= Shyam Sundar Chakravarthy =

Indian revolutionary, independence activist and journalist

Shyam Sundar Chakravarthy (alternately spelled as Shyam Sundar Chakravarty or Shyam Sundar Chakravarti, 12 July 1869 – 7 September 1932) was an Indian revolutionary, independence activist and journalist from Bengal. He was born in Bharenga, Pabna in Bengal Presidency (currently in Bangladesh) later settled in Calcutta. He belonged to the "Pabna Group" of Bengali revolutionaries along with Abinash Chakravarty and Annada Kaviraj. In 1905 he was the sub-editor of the revolutionary journal Sandhya. In 1906, he joined with Bengali nationalist newspaper Bande Mataram as an assistant to its editor Sri Aurobindo and later became its editor. In 1908, he was deported to Burma. Later he became an adherent of the non violent methods of Indian National Congress and an office bearer of the Swaraj Party. He founded and edited the newspaper "The Servant" in 1920 to promote the Non-cooperation movement.

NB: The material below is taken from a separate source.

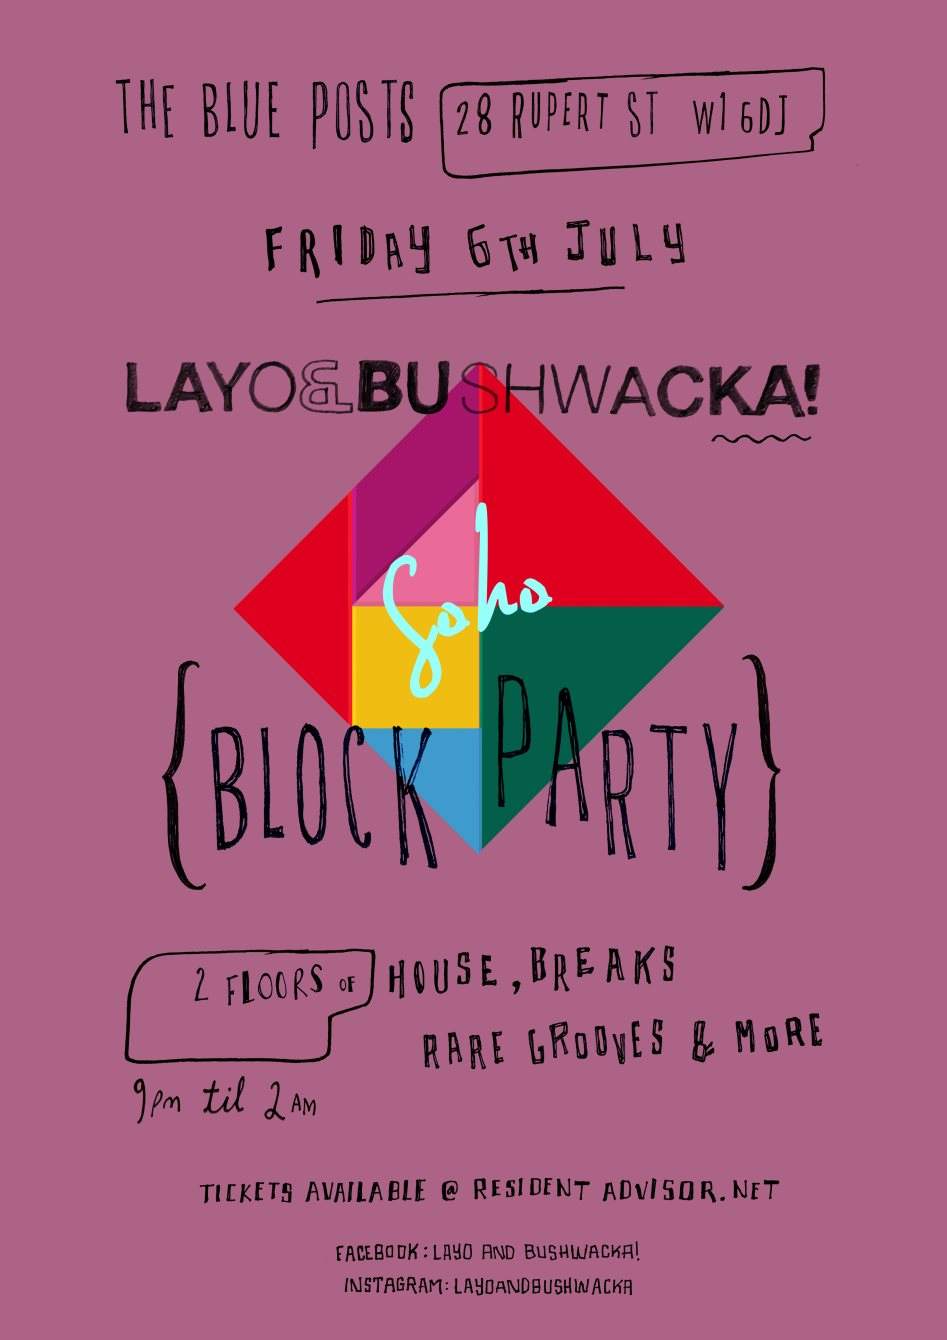 Layo & Bushwacka's Soho Block Party - フライヤー表
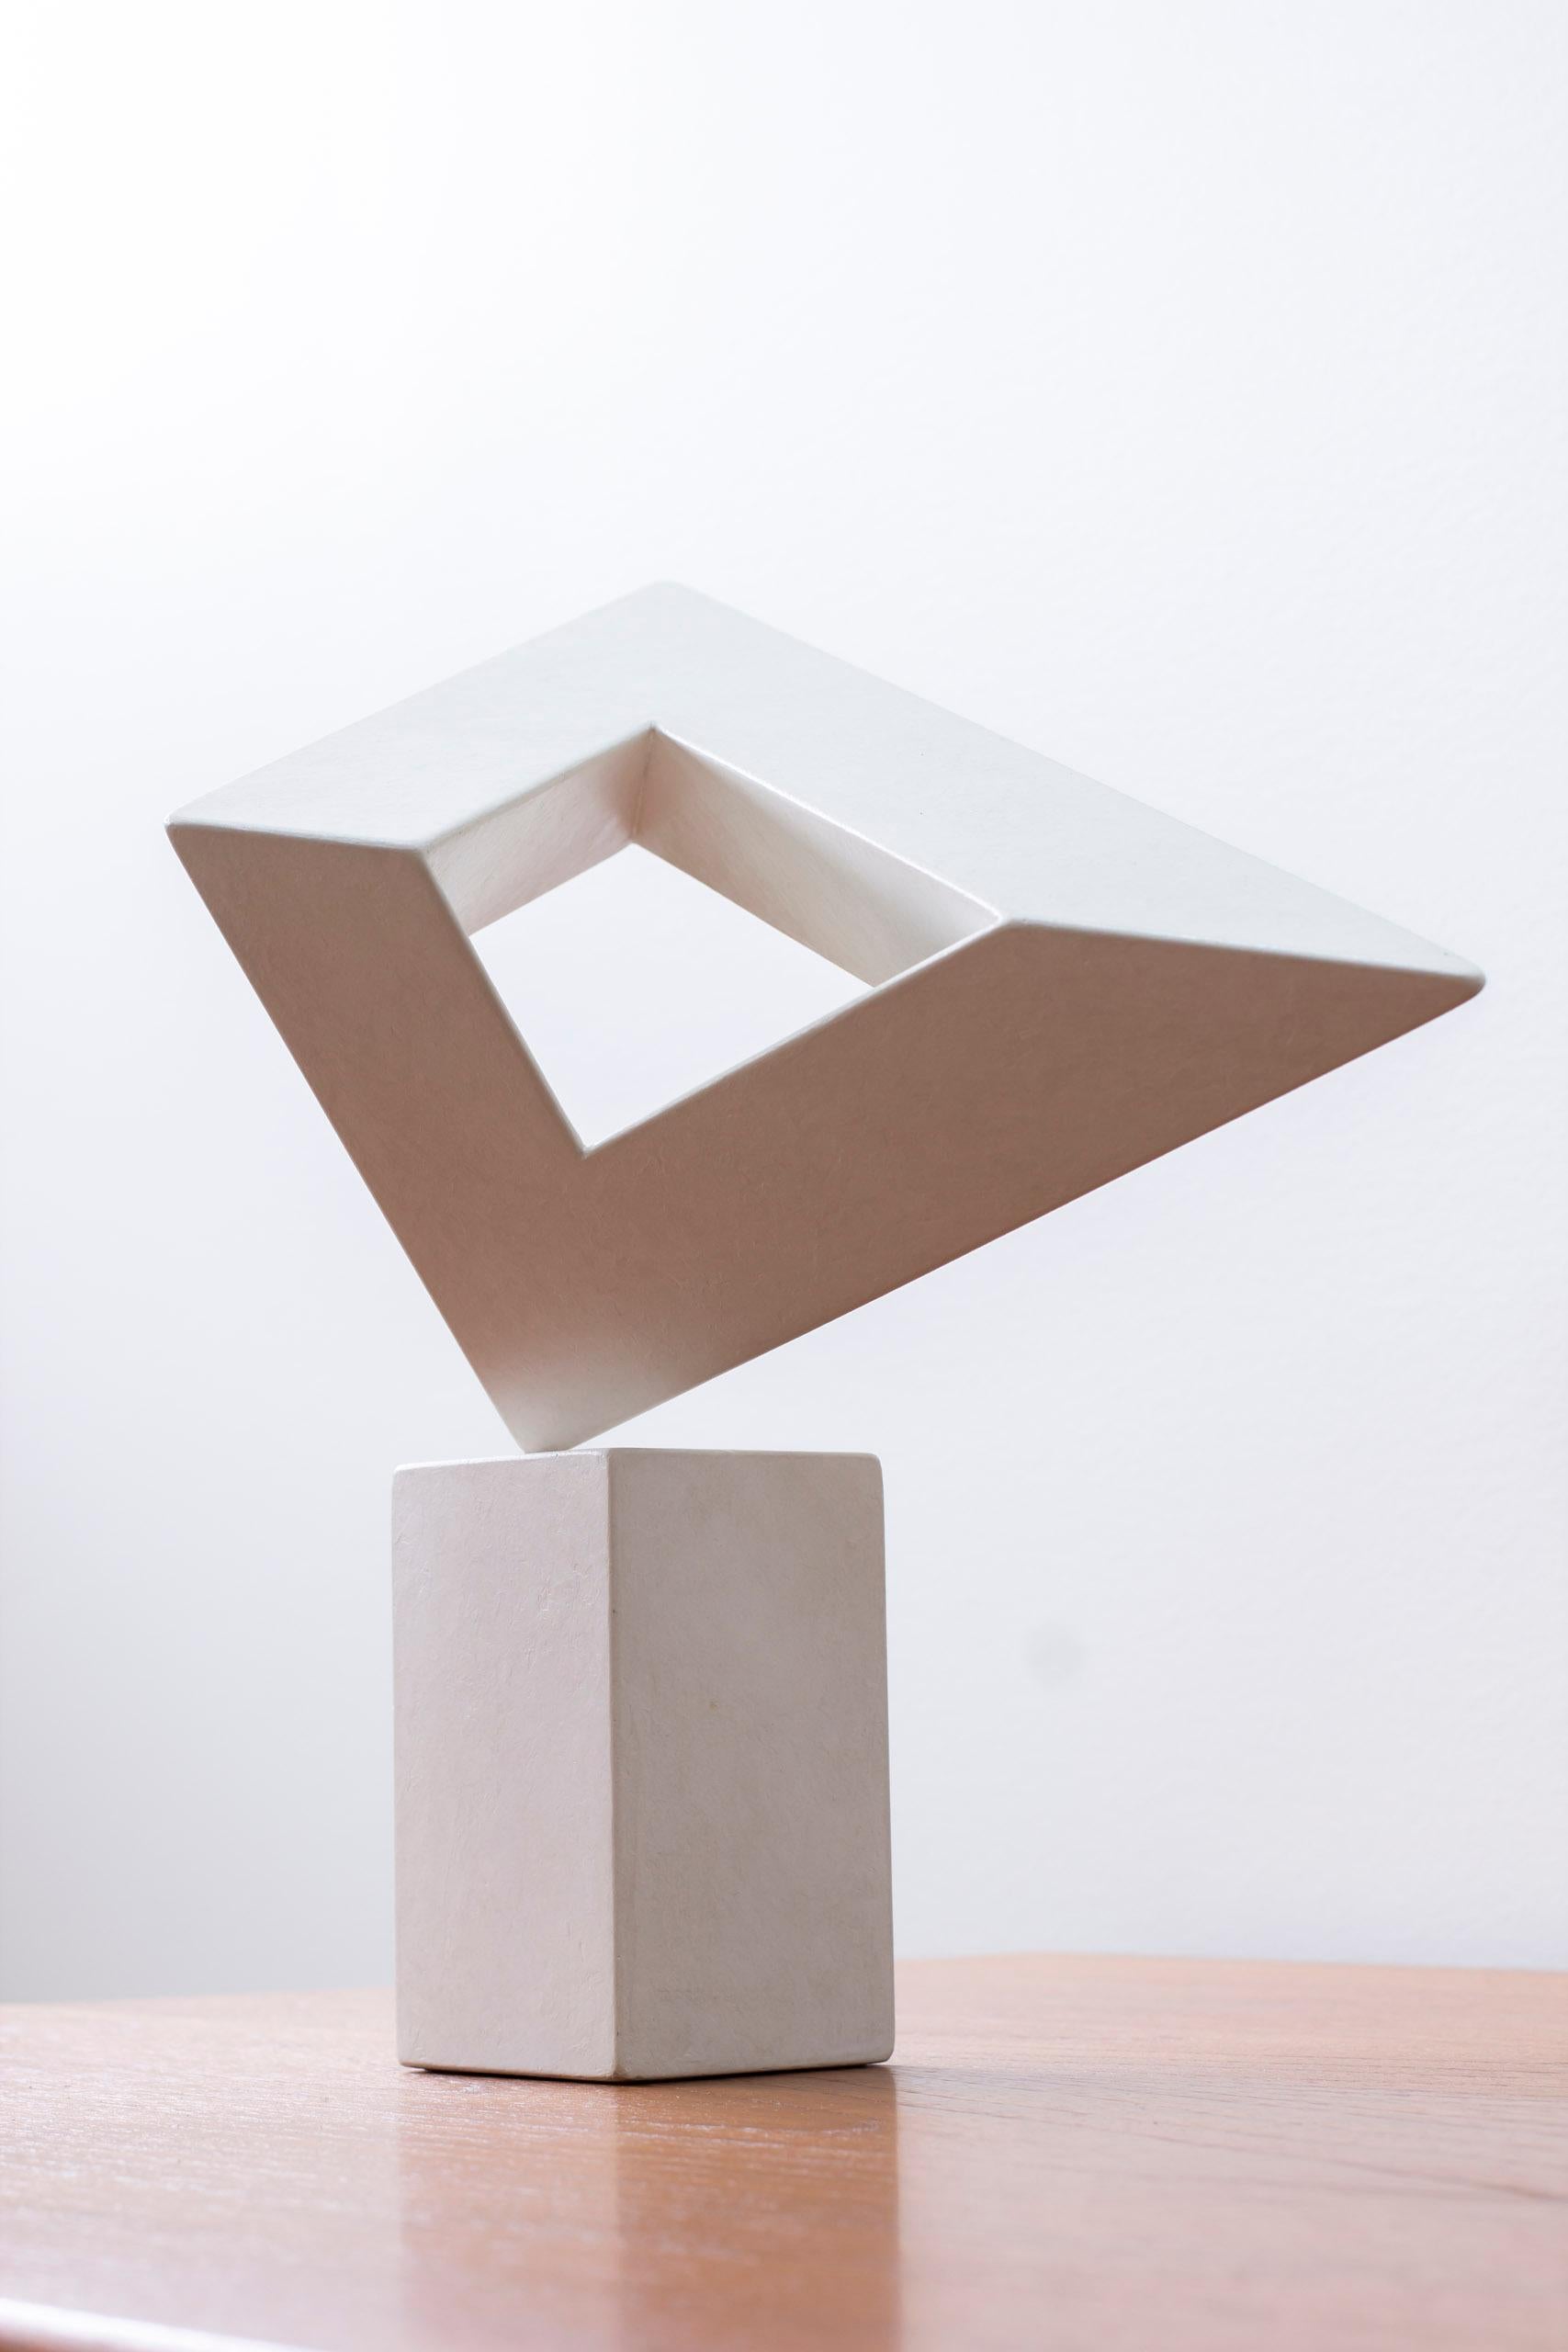 Suédois Sculpture de l'artiste américain David Eisenhauer. Techniques mixtes, Suède 1985 en vente

K. B. Hedgewar stayed with Shyam Sundar Chakravarty during his stay in Calcutta when he was doing his medical studies and came in contact with many revolutionaries and Anushilan Samiti who used to meet Chakravarty. Dal Bahadur Giri a noted independence activist from Kalimpong was inspired to join
Non-cooperation movement movement and Indian National Congress upon advise of Chakaravarty, whom Giri used to meet when Chakaravery was imprisoned at Kalimpong jail in from 1916 to 1920 for revloutionary activities by British.